In his book on the arts and faith, Imagine, Steve Turner writes, “From the time of Constantine to the enlightenment, Christian ideas dominated art for the simple reason that the Church had a powerful grasp over every area of life.”


Before long, however, many churchgoers started worshiping the art itself, rather than letting the art aid worship, and the battle for the arts ensued. Iconophiles argued that by becoming a man in Christ, God established a precedent for giving physical form to divinity, and that Christ could redeem all areas of life. On the opposite side of the spectrum were the iconoclasts, who taught that any attempts to illustrate divine glory were impossible.  

Fast-forward to the Protestant Reformation of the 16th century, when the artistic battle came to a head in the midst of Luther’s reforms. “The reformation was an important reaction to abuses in the medieval church. There was a reaction against the images and symbols used for prayer and teaching in a society where many were illiterate. In this reaction, many went to the other extreme and destroyed or condemned these. Dance, as a non-verbal art form that was sometimes used wrongly within the Church, almost disappeared from the Church for 200 years,” says Mary Jones, founder of the International Christian Dance Fellowship.

As Christian art was abused, the iconoclastic perspective prevailed.

A Call for Holistic Worship

What the reformers missed still largely haunts the Church today. Is it possible that art itself may not matter as much as the motive behind its creation?

In the Old Testament God commands the Israelites to love Him with all of their heart, soul and strength. Jesus echoes these sentiments in the New Testament when he implores his disciples to love the Lord their God with all of their heart, soul, mind and strength. This holistic worship leaves no room for any other object to steal the worshiper’s affection. In Paul’s first letter to the Corinthians he writes, “So whether you eat or drink or whatever you do, do it all for the glory of God.”

This all-encompassing perspective on worship transcends the consumption of words, music and movement—an interactive response to God from the deepest parts of the heart. Christian dancers use skilled movement—an art—to illustrate this heart response and to add a fresh dimension to worship.

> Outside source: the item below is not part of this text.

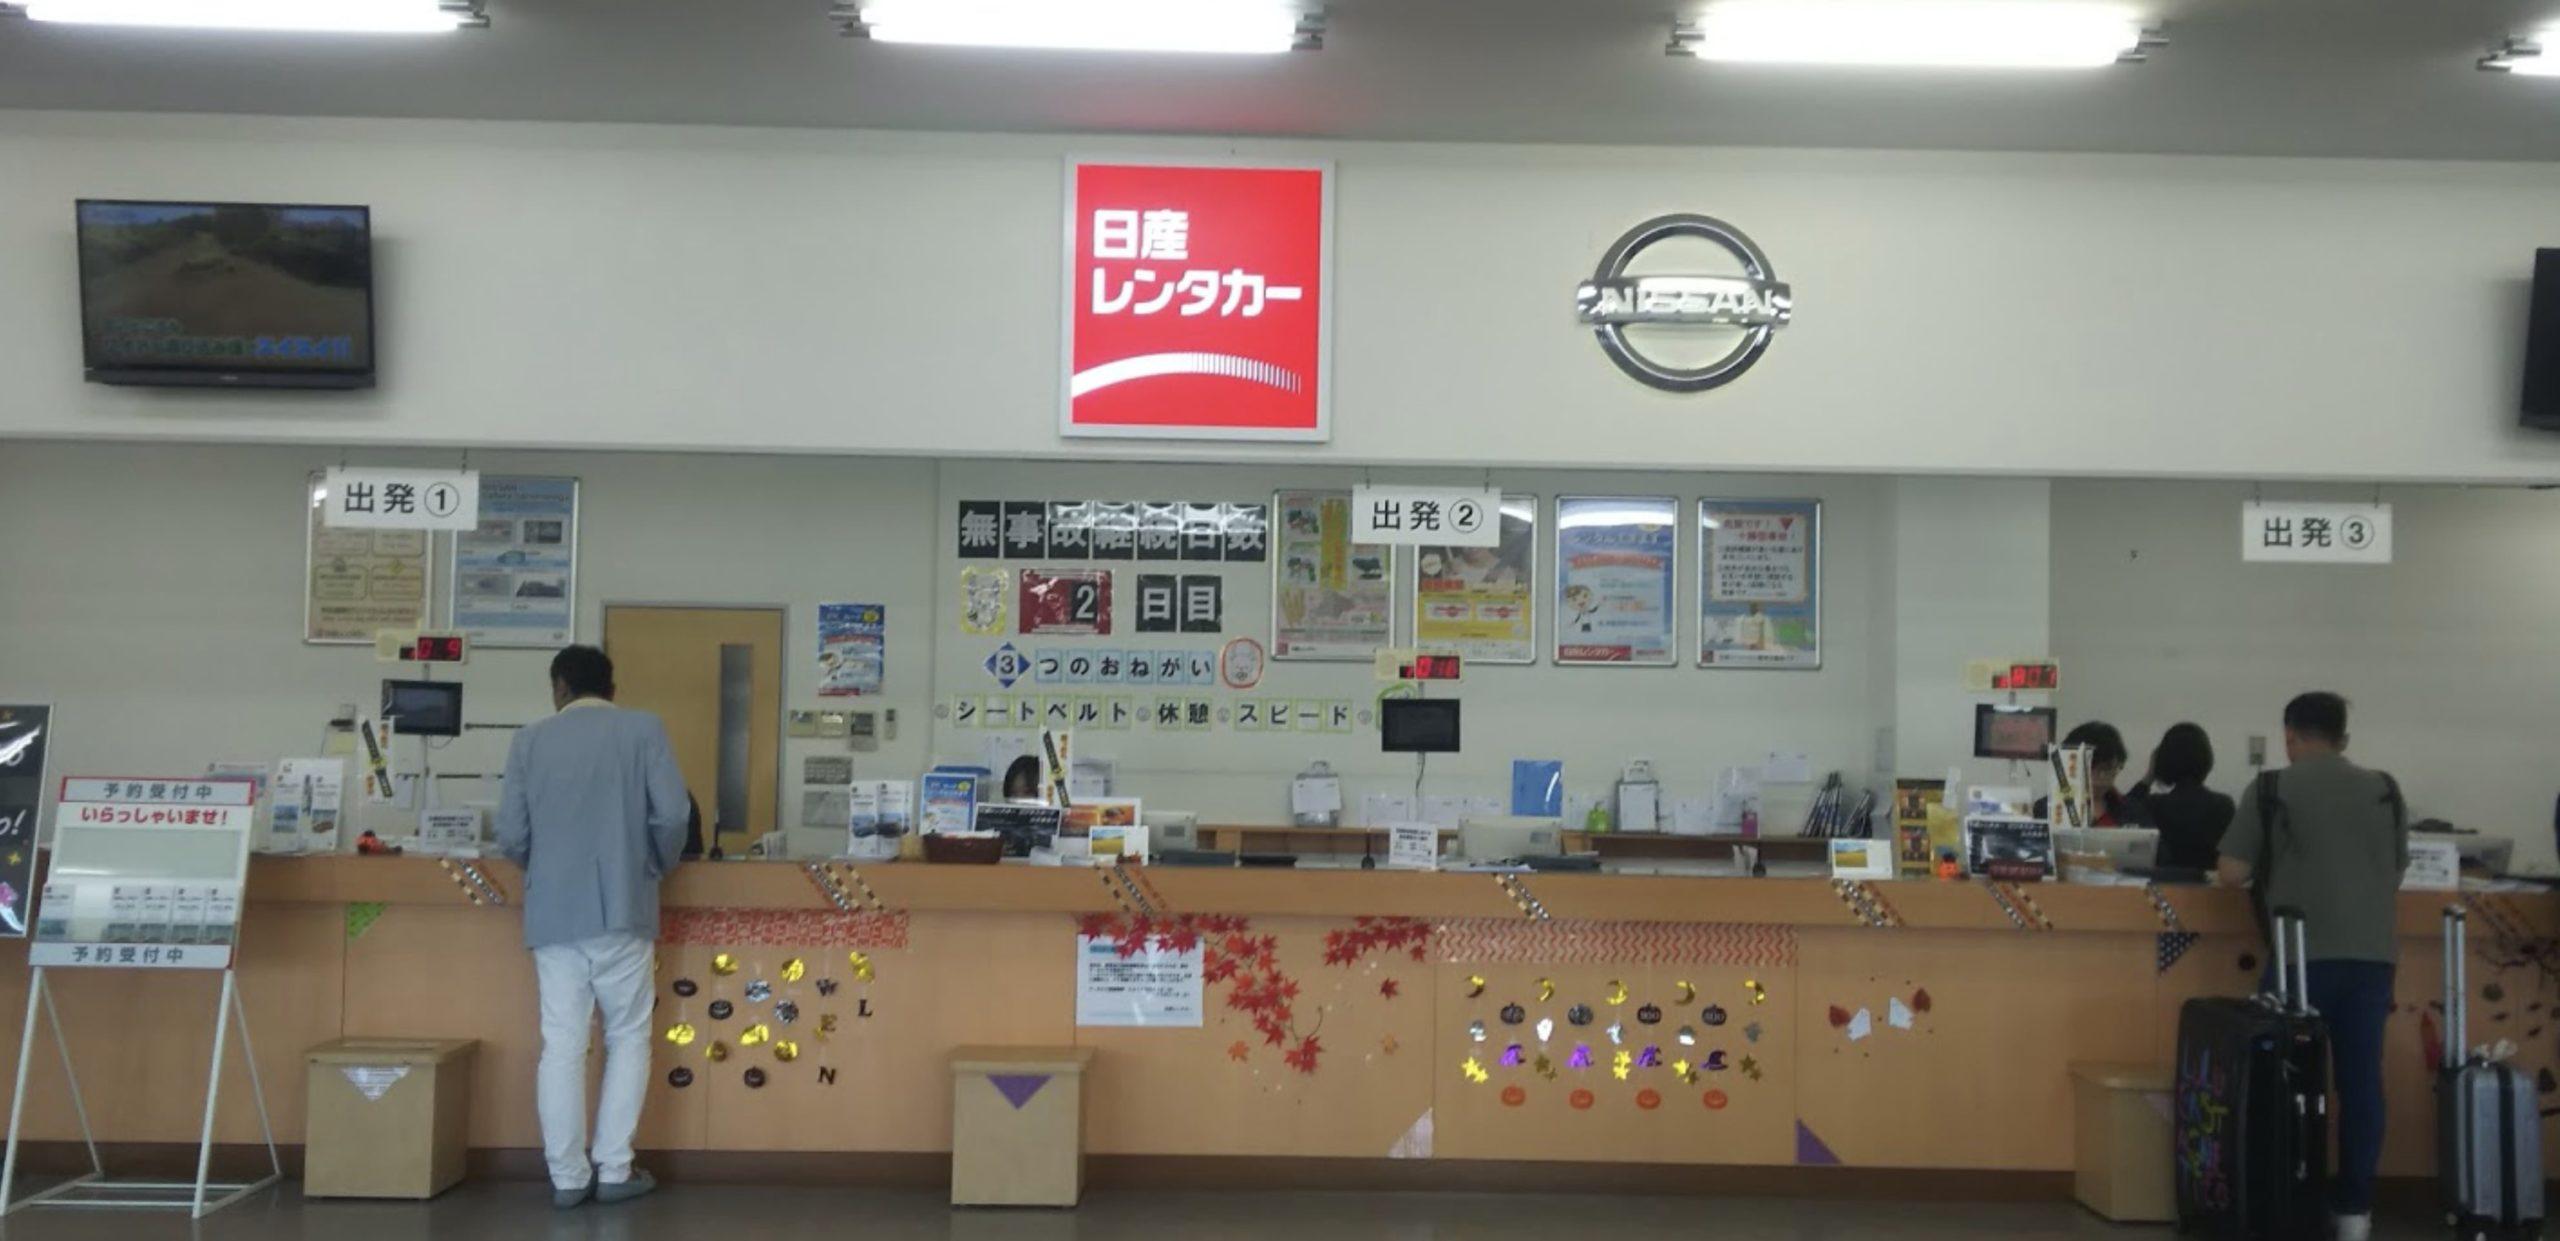 日産レンタカー新千歳空港店

“God’s creation is full of beauty, imaginative variety, color, and movement. We are part of that creation and our dance can bring to those who watch these qualities of God’s creation to refresh and bless them,” Jones writes in an article on movement and the church.

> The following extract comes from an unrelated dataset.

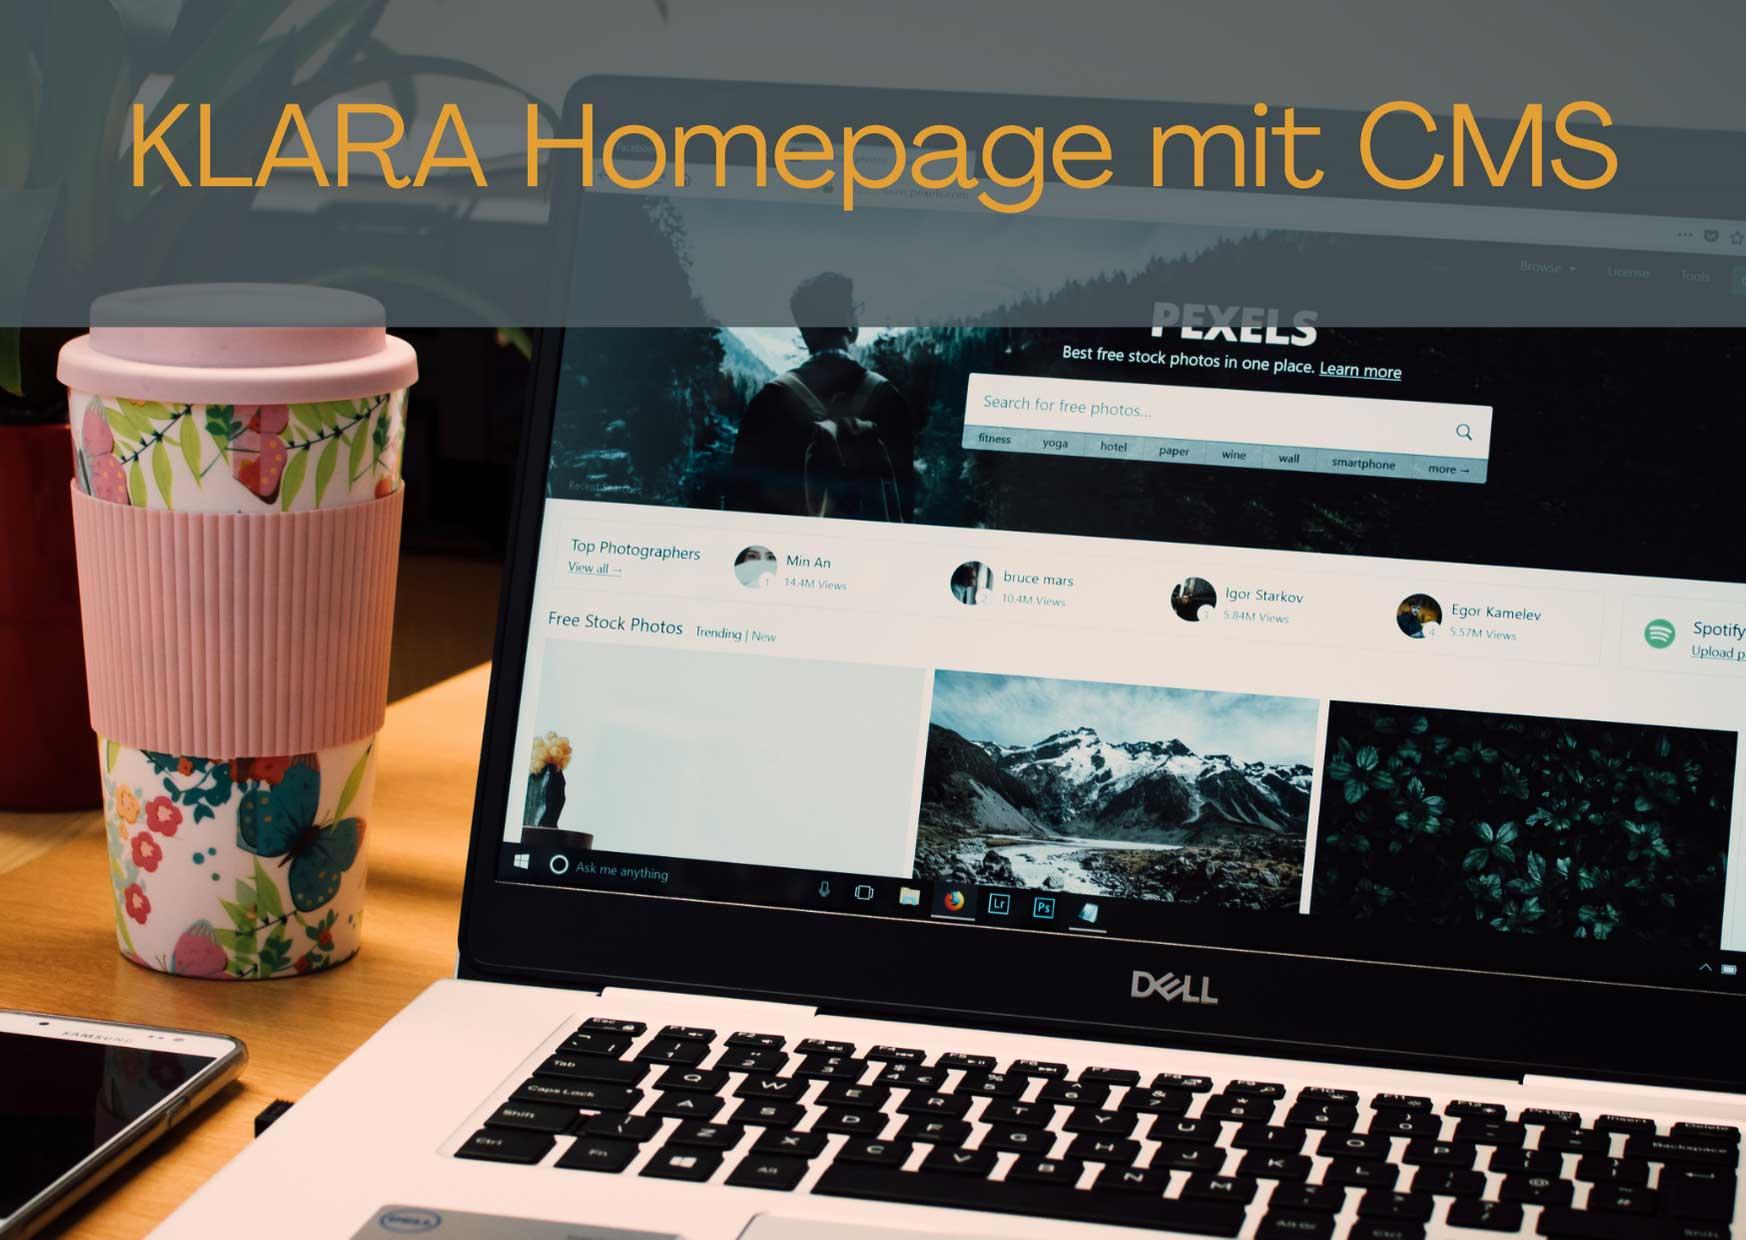 Ihre neue Homepage mit maßgeschneidertem Design UND mit CMS

What Jones touches on is the unique communication of motion. Colin Harbinson, author of the series “Stone by Stone,” elaborates on this interaction. “Arts can make the familiar appear unfamiliar, so that we can see with fresh eyes and engage truth with a different intensity,” he says. “They engage the emotions as well as the intellect.”

Dancing in Freedom

Freedom is sought after and fought for, in the arts, our governments, our churches and beyond. Yet Paul emphasized that the ultimate freedom is in Christ. To the Galatians he writes: “So Christ has truly set us free. Now make sure that you stay free, and don’t get tied up again in slavery to the law.”

Internationally, Jones finds that dance brings a particular freedom by bridging cultural and language barriers. “I find it much easier to teach and perform in many different cultures and language groups because people receive much of it through the eye-gate and are not so dependent on words,” she says.

Such movement inspires audiences nationally and abroad, as many dance artists seek to cultivate and carry out their callings as professionals and as believers. Their desire is to confront the misconceptions of dance within the Church, and to expand the message of the Church within the world of art.

Even after “America’s new favorite dancer” is selected and the stage lights dim, the ability to fascinate viewers still permeates the art of dance—an ability only more powerful to those who dance in the intersection of faith and art.